DOGE Can’t Slash Government Without Congress
“It’s a joke,” a “waste of time“: That was the Democratic line on the new Department of Government Efficiency (DOGE) just months ago. But ever since Elon Musk and his “baby-faced assassins” stormed the bureaucracy—mass-firing employees, zeroing out budgets, and tossing agencies “into the woodchipper“—the tune has changed. Now, DOGE is “an agent of chaos without limitation,” per a lawsuit from Democratic state attorneys general. Worse, says Sen. Ron Wyden (D–Ore.), they’re “seizing the tools they need for a coup.”
Even some self-described libertarians are not at all amused by the Musketeers’ hijinks. I’m at a loss: How are they not enjoying this? The whole thing plays like it was scripted by Ayn Rand, if Rand had a sense of humor.
Even so, I’m hoping DOGE provides something beyond entertainment value—I’d like it to work. But it won’t, so long as the DOGEnauts believe they can cut trillions from the federal budget with executive action alone. To get the job done, DOGE needs Congress.

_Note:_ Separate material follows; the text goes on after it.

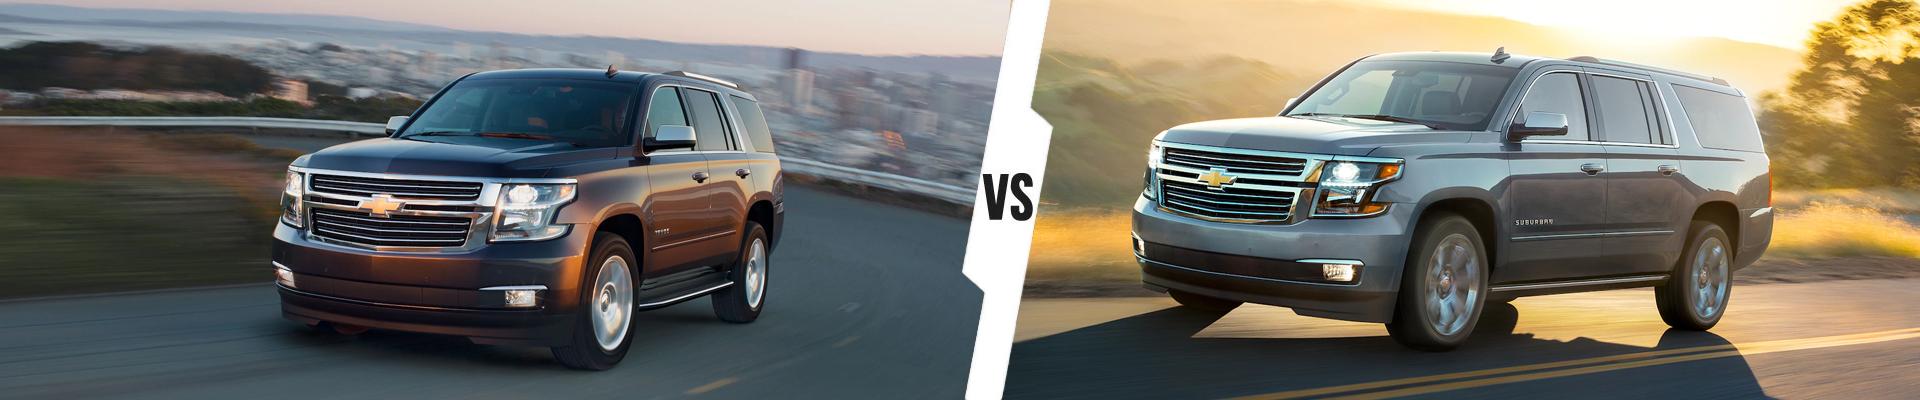 Chevrolet SUV Comparison: 2020 Chevrolet Tahoe Versus 2020 Chevrolet Suburban
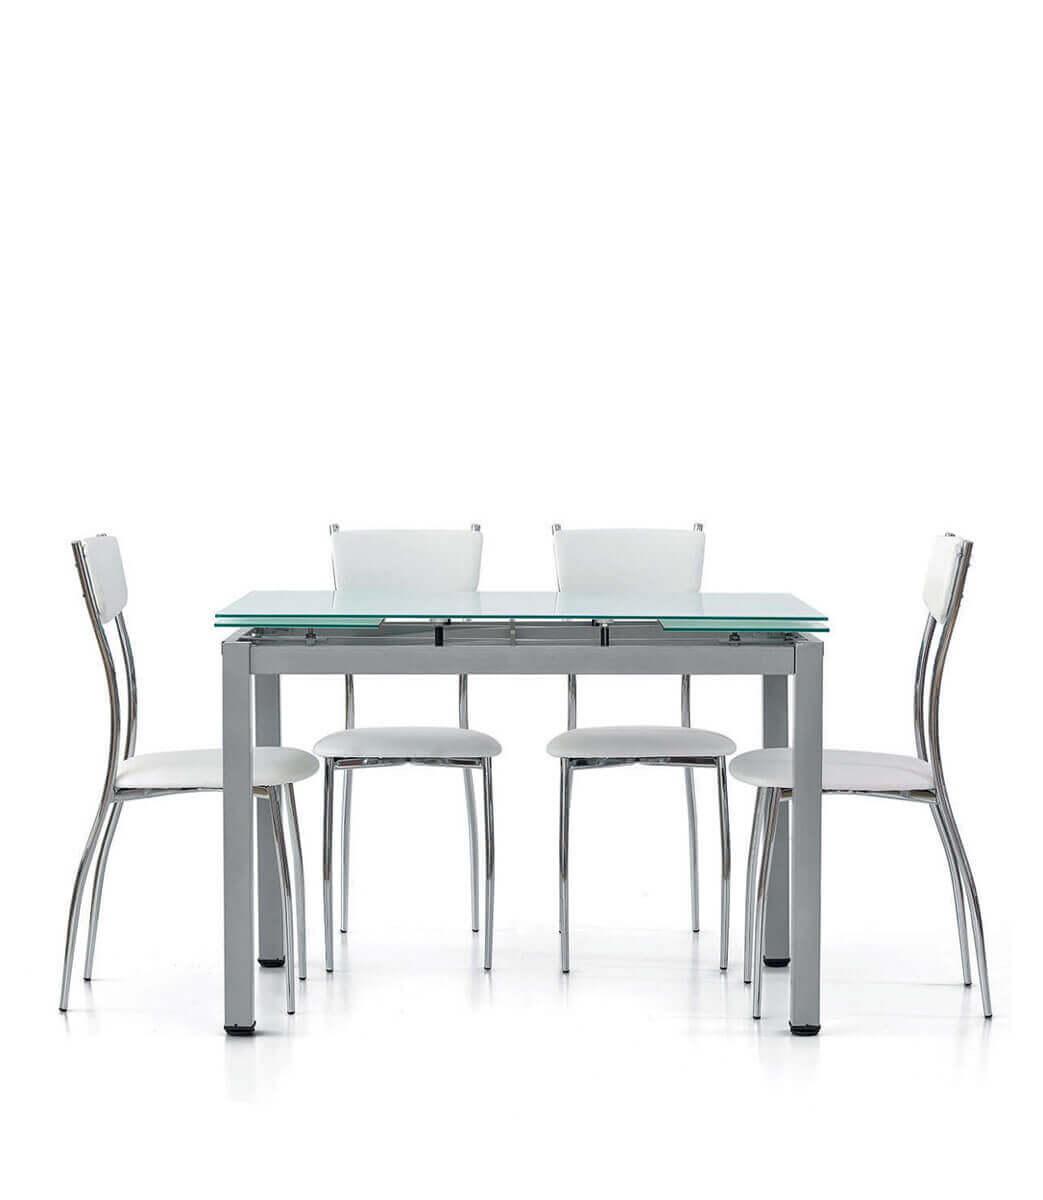 Sedie Moderne In Ecopelle.Sedie Moderne In Acciaio Cromato Seduta E Schienale In Ecopelle Spazio Casa

So far, DOGE has stuck to the go-it-alone strategy Musk and Vivek Ramaswamy outlined in The Wall Street Journal after the election: “driving change through executive action based on existing legislation rather than by passing new laws.” But that’s not how any of this works. Neither the president nor his proxies can summarily zero out agencies and departments for which Congress has provided statutory authority and funding. Even the MAGA-friendly Heritage Foundation acknowledged as much in a 2017 legal memorandum: “The power to enact, amend, or abolish these executive departments and agencies and their functions belongs to Congress.” The DOGE team is finding that out the hard way, as their agency-killing plans get hung up in federal court.
President Donald Trump’s team thinks they’ve found a work-around—an ambitious constitutional theory that lets the president nullify congressional appropriations he doesn’t like. The last president to try that was Richard Nixon, and he didn’t get very far. In his second term, when Nixon adopted an impoundment-on-steroids strategy, withholding billions in appropriated funds, he got slapped down, first by the courts, then by Congress. In 1974, Congress shut the door to future abuses by passing the Impoundment Control Act, which requires the president to get congressional approval before rescinding appropriations.